Paired activation of two components within muscarinic M3 receptor dimers is required for recruitment of beta-arrestin-1 to the plasma membrane.

beta-Arrestins regulate the functioning of G protein-coupled receptors in a variety of cellular processes including receptor-mediated endocytosis and activation of signaling molecules such as ERK. A key event in these processes is the G protein-coupled receptor-mediated recruitment of beta-arrestins to the plasma membrane. However, despite extensive knowledge in this field, it is still disputable whether activation of signaling pathways via beta-arrestin recruitment entails paired activation of receptor dimers. To address this question, we investigated the ability of different muscarinic receptor dimers to recruit beta-arrestin-1 using both co-immunoprecipitation and fluorescence microscopy in COS-7 cells. Experimentally, we first made use of a mutated muscarinic M(3) receptor, which is deleted in most of the third intracellular loop (M(3)-short). Although still capable of activating phospholipase C, this receptor loses almost completely the ability to recruit beta-arrestin-1 following carbachol stimulation in COS-7 cells.
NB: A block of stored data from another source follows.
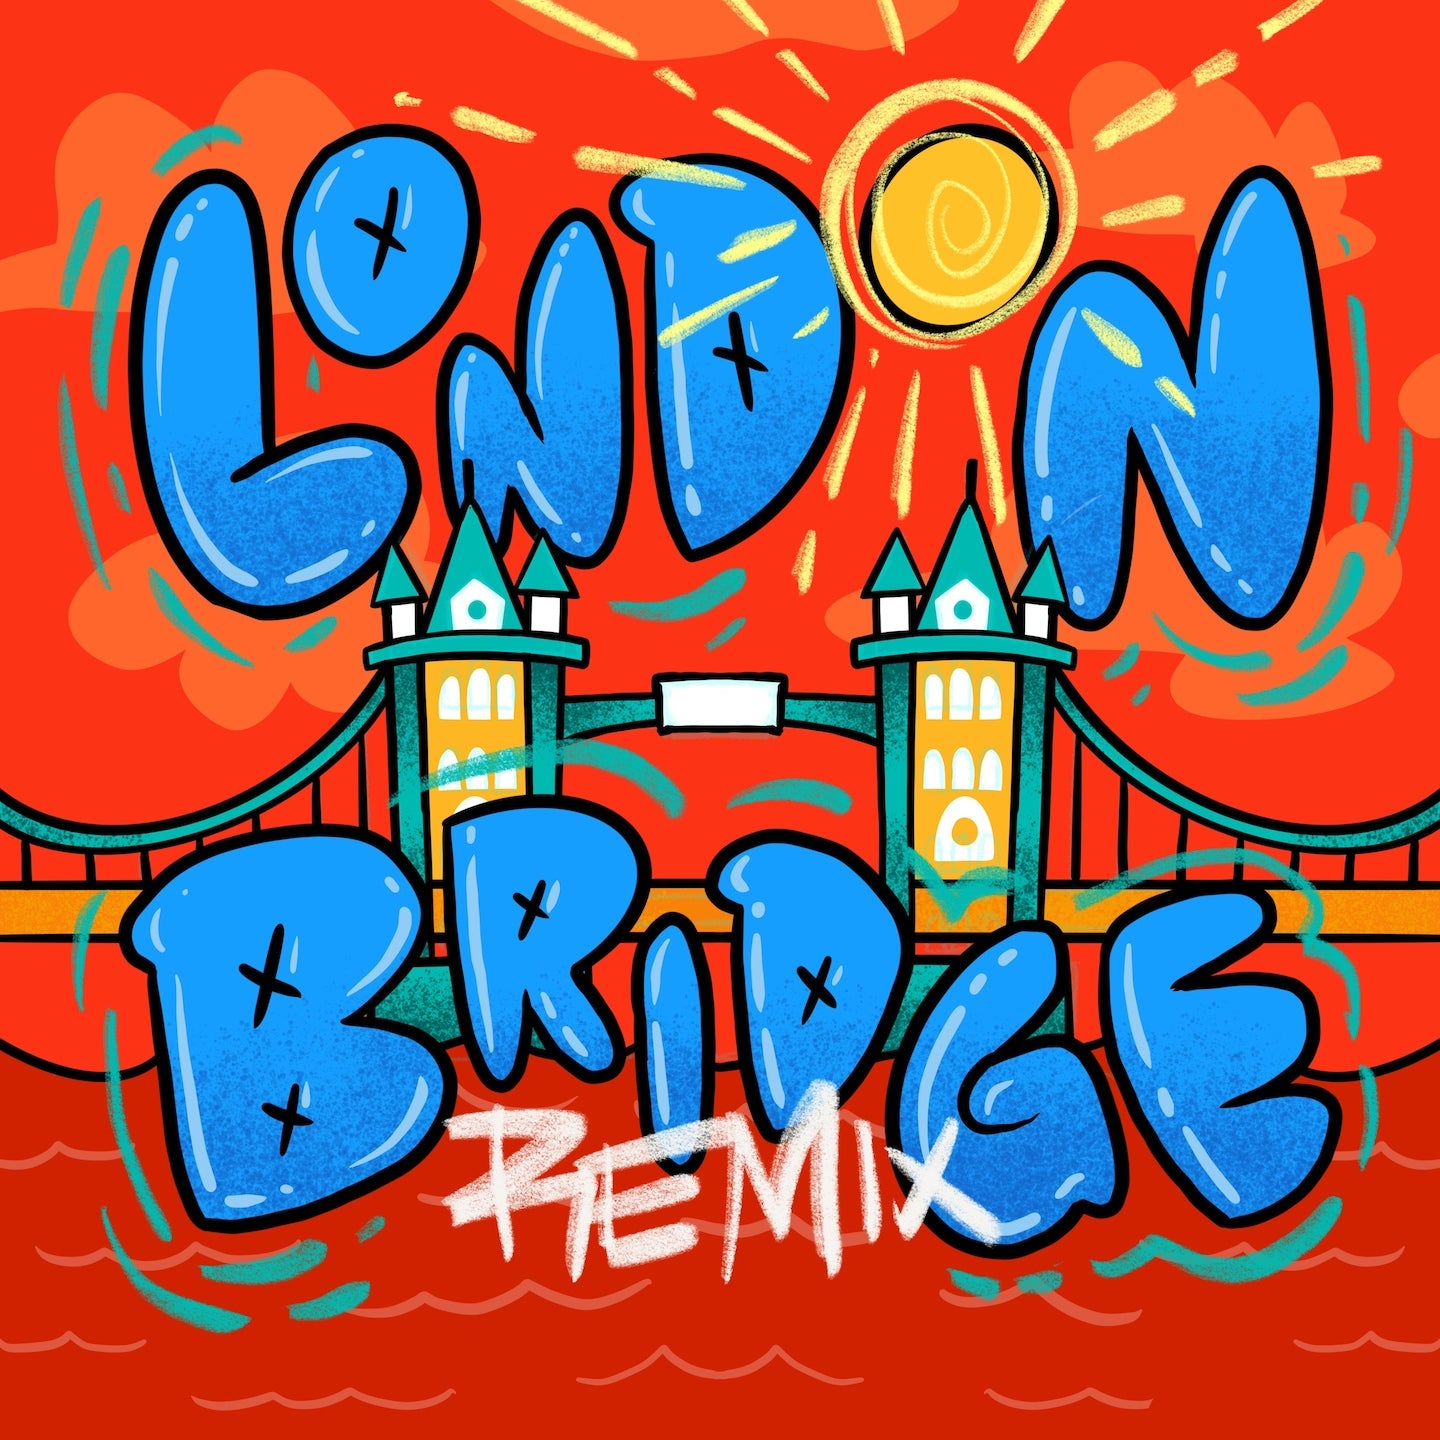 London Bridges Remix
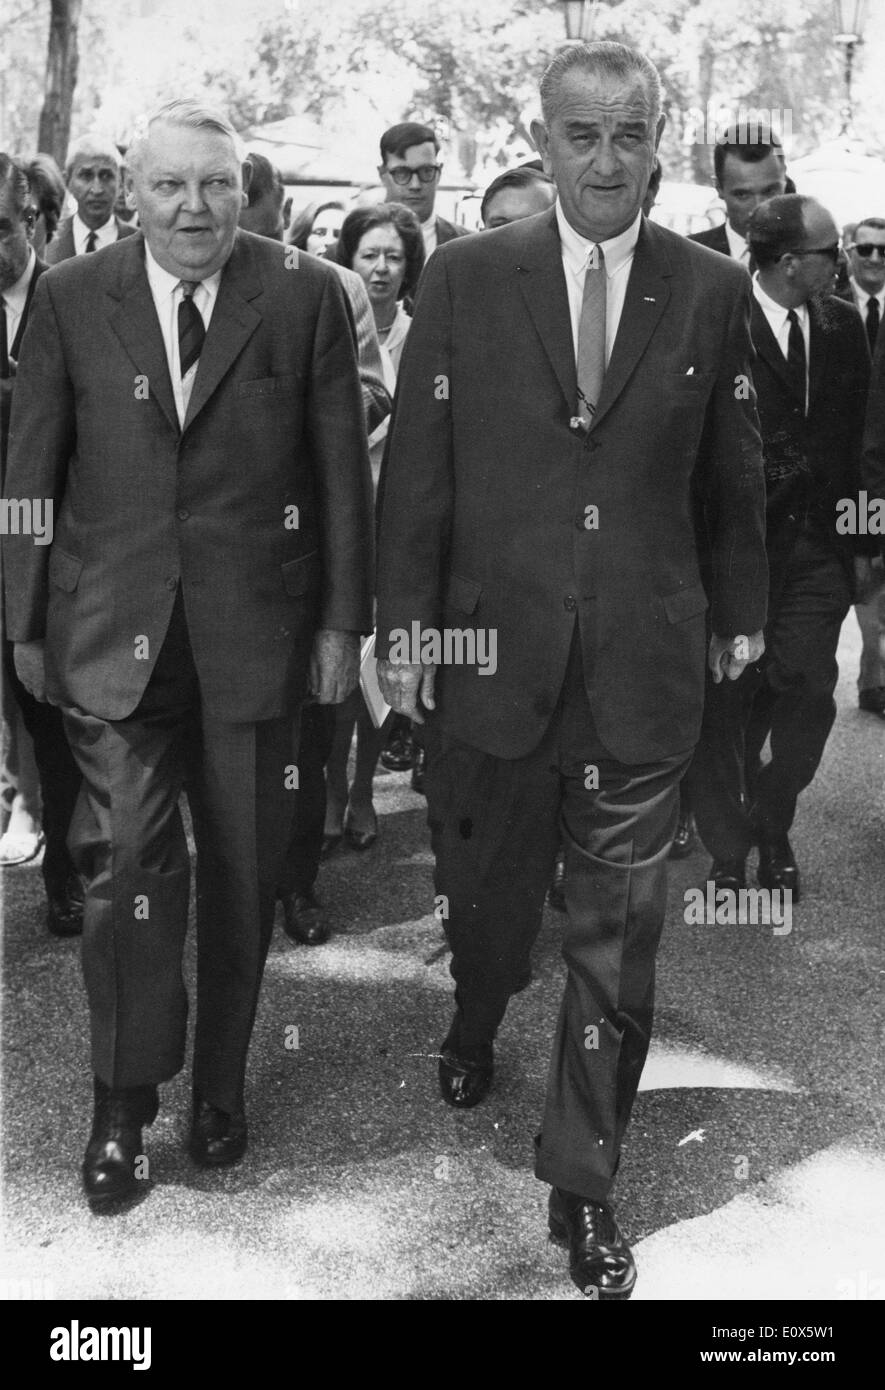 Junio 08, 1965 - Washington, Distrito de Columbia, EE.UU. - Lyndon Baines Johnson (27 de agosto de 1908 - 22 de enero de 1973) a menudo se refiere como LBJ, fue el 36º Presidente de los Estados Unidos (1963-1969) tras su servicio como la 37ª Vice Presidente de los Estados Unidos (1961-1963). Foto: con el canciller alemán occidental Dr. Erhard. Foto de stock
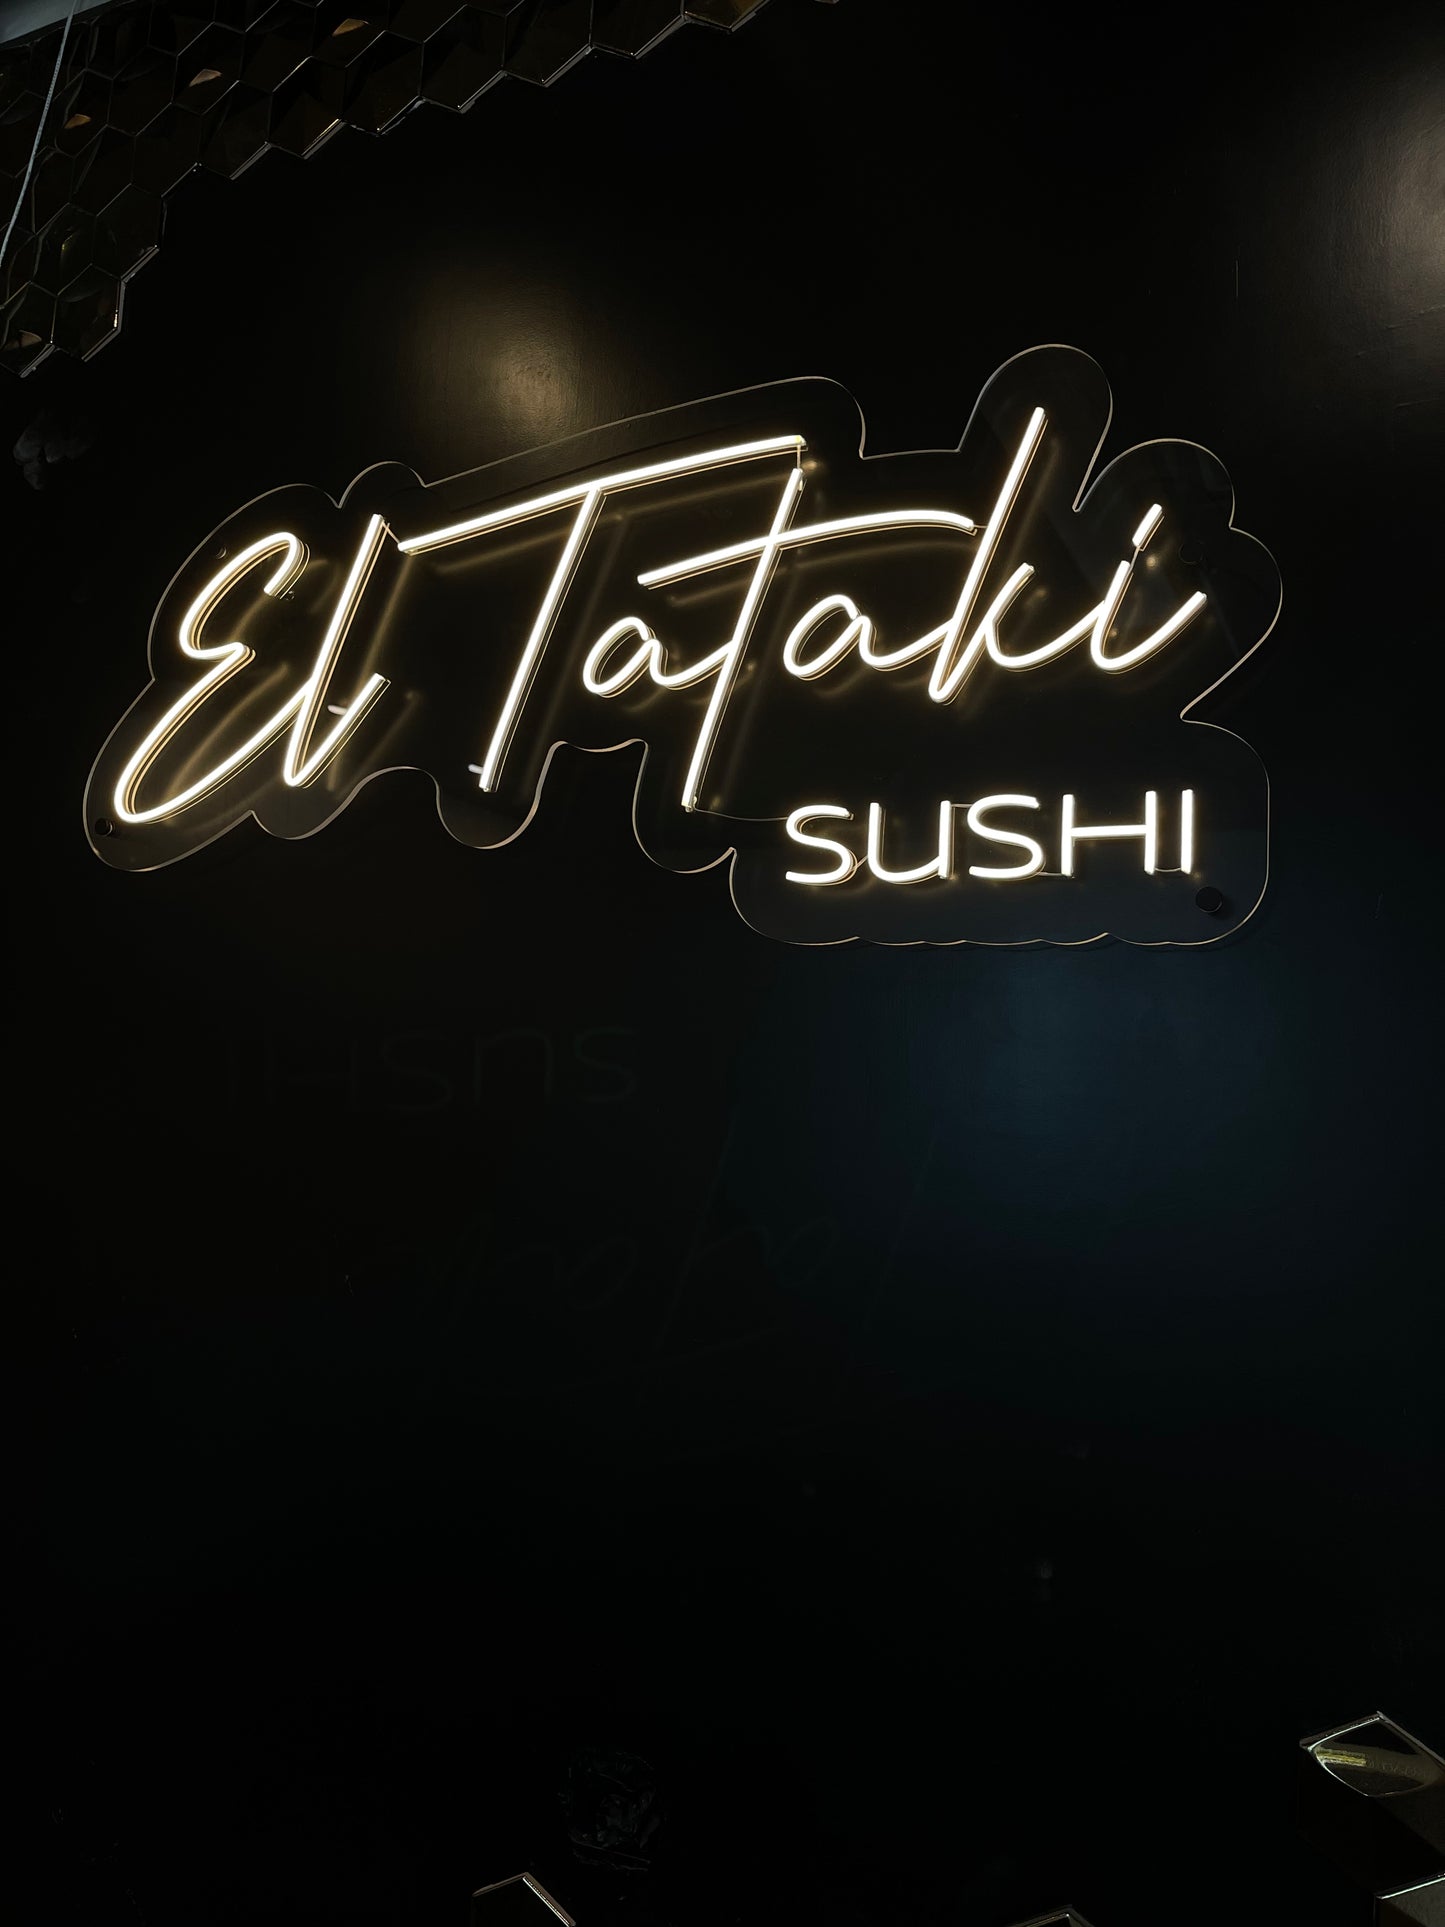 El Tataki Sushi

Subsequently, M(3)-short was co-expressed with the M(3) receptor. Under these conditions, the M(3)/M(3)-short heterodimer could not recruit beta-arrestin-1 to the plasma membrane, even though the control M(3)/M(3) homodimer could. We next tested the ability of chimeric adrenergic muscarinic alpha(2)/M(3) and M(3)/alpha(2) heterodimeric receptors to co-immunoprecipitate with beta-arrestin-1 following stimulation with adrenergic and muscarinic agonists. beta-Arrestin-1 co-immunoprecipitation could be induced only when carbachol or clonidine were given together and not when the two agonists were supplied separately. Finally, we tested the reciprocal influence that each receptor may exert on the M(2)/M(3) heterodimer to recruit beta-arrestin-1. Remarkably, we observed that M(2)/M(3) heterodimers recruit significantly greater amounts of beta-arrestin-1 than their respective M(3)/M(3) or M(2)/M(2) homodimers. Altogether, these findings provide strong evidence in favor of the view that binding of beta-arrestin-1 to muscarinic M(3) receptors requires paired stimulation of two receptor components within the same receptor dimer.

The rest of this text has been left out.